たかがクラスの女子からLINEが来ただけじゃないか。
そうだ、もっと気楽に行こう!
そして画面を見た俺は上から順番に読んでいった。
『これ、私の部活終わりの写真だよ!どう思う?』
『ごめん!なにがどう思う?だよね。(泣)』
『嫌いにならないで、お願いだから。』
………なに…………これ。なんで勝手に1人で喋ってんの。
ねぇなんで、なんだよ!ちょっと怖いって。
後、上から順番に見て考えたけどおかしいだろ!なんでこんなちょっとアダr…アウトな写真見せといてどう思う?だよ。なんだこれ?全く理解できねぇ。誰か助けてくれよぉぉぉ。しかもなんで嫌いにならないで、だ。そしてなぜ絵文字を入れるんだ?
陽キャマスターってなんだっけ?
こんなことが理解し合えることが真の陽キャなのか?
もう理解できない。俺は陽キャマスターの座を降りる!
というか、『嫌いにならないで、お願いだから。』にどうやって返せばいいんだよ?
よしっ!これは大先生であるAIのチャッティー様に聞くしかない。
『なぁ、チャッティー先生。クラスの女の子から写真が来ててどう思う?って聞かれた後に急に謝り出して嫌いにならないでって言い出したんだけどどうしたらいいんだ?教えてくれよぉ。俺もうダメなんだ』
『はい、かしこまりました。そうですね、この女性はあなたのことが好きなのだと思います。そしてそれで嫌いにならないでほしいとそう願っておられるのだと思います。』
あっもうだめだ。チャッティー先生はバグっているんだ。そうだ、確かちょうどOSの更新時期だったよな。うんうん!

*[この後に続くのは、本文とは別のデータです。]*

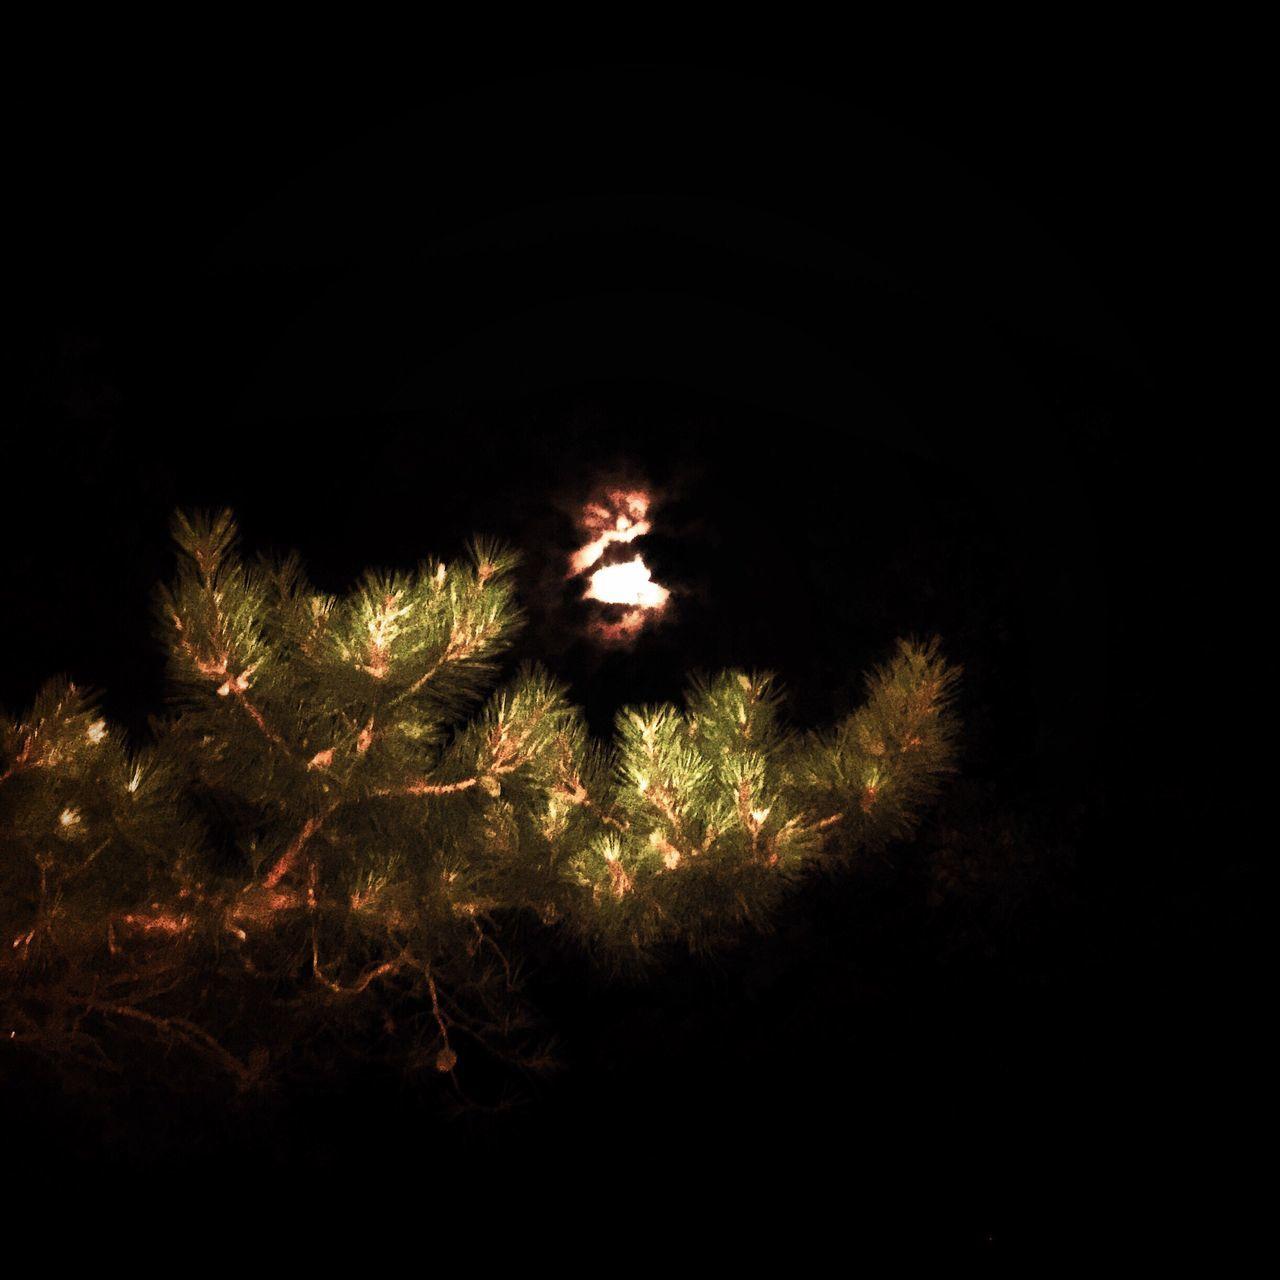 Phoneography Cape Cod Wellfleet Night Flash Tree Pine Trees

………好きなわけないだろ!やっぱりこれは高橋王国という王国の存亡をかけた危機だったのだ。俺は騙されん!騙されんぞぉぉ!
「はぁ、はぁ、まぁいいやこれはとりあえず返しといてあげないと橘さんが流石に可哀想だからなぁ…『嫌いにならないよ』…っとまぁこれでいいか」
これは明日の朝学校で橘さんがどんな顔をしているかで判断できるだろ。
やはり俺は陽キャマスターだ!
と確信した俺だった。
しかし、この頃、橘さんが布団の中で顔を真っ赤にしながらヤッタァぁぁと叫んでいるのを知らない。